CARTL: Cooperative Adversarially-Robust Transfer Learning

arXiv:2106.06667v115 citations
Originality Incremental advance
AI Analysis

This addresses a critical issue for practitioners using transfer learning in security-sensitive applications, though it is an incremental improvement focused on robustness transfer.

The paper tackles the problem of adversarial robustness degradation during transfer learning, showing that standard fine-tuning reduces inherited robustness. The proposed CARTL method improves inherited robustness by up to 28% while maintaining accuracy.

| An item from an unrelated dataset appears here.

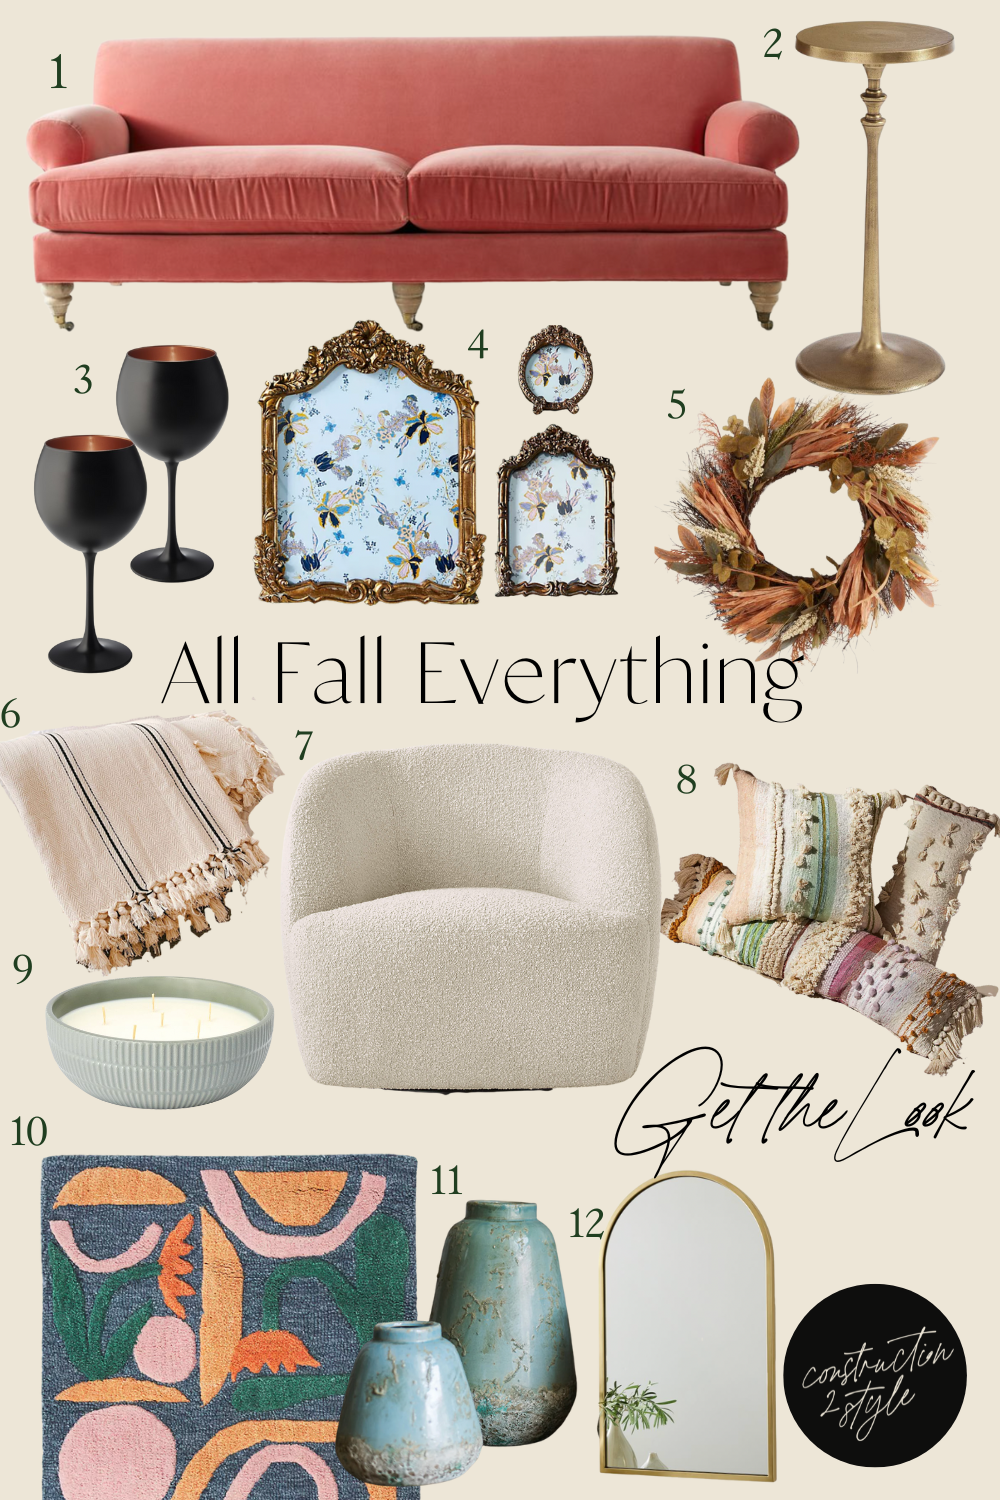 All Fall Everything

Transfer learning eases the burden of training a well-performed model from scratch, especially when training data is scarce and computation power is limited. In deep learning, a typical strategy for transfer learning is to freeze the early layers of a pre-trained model and fine-tune the rest of its layers on the target domain. Previous work focuses on the accuracy of the transferred model but neglects the transfer of adversarial robustness. In this work, we first show that transfer learning improves the accuracy on the target domain but degrades the inherited robustness of the target model. To address such a problem, we propose a novel cooperative adversarially-robust transfer learning (CARTL) by pre-training the model via feature distance minimization and fine-tuning the pre-trained model with non-expansive fine-tuning for target domain tasks. Empirical results show that CARTL improves the inherited robustness by about 28% at most compared with the baseline with the same degree of accuracy. Furthermore, we study the relationship between the batch normalization (BN) layers and the robustness in the context of transfer learning, and we reveal that freezing BN layers can further boost the robustness transfer.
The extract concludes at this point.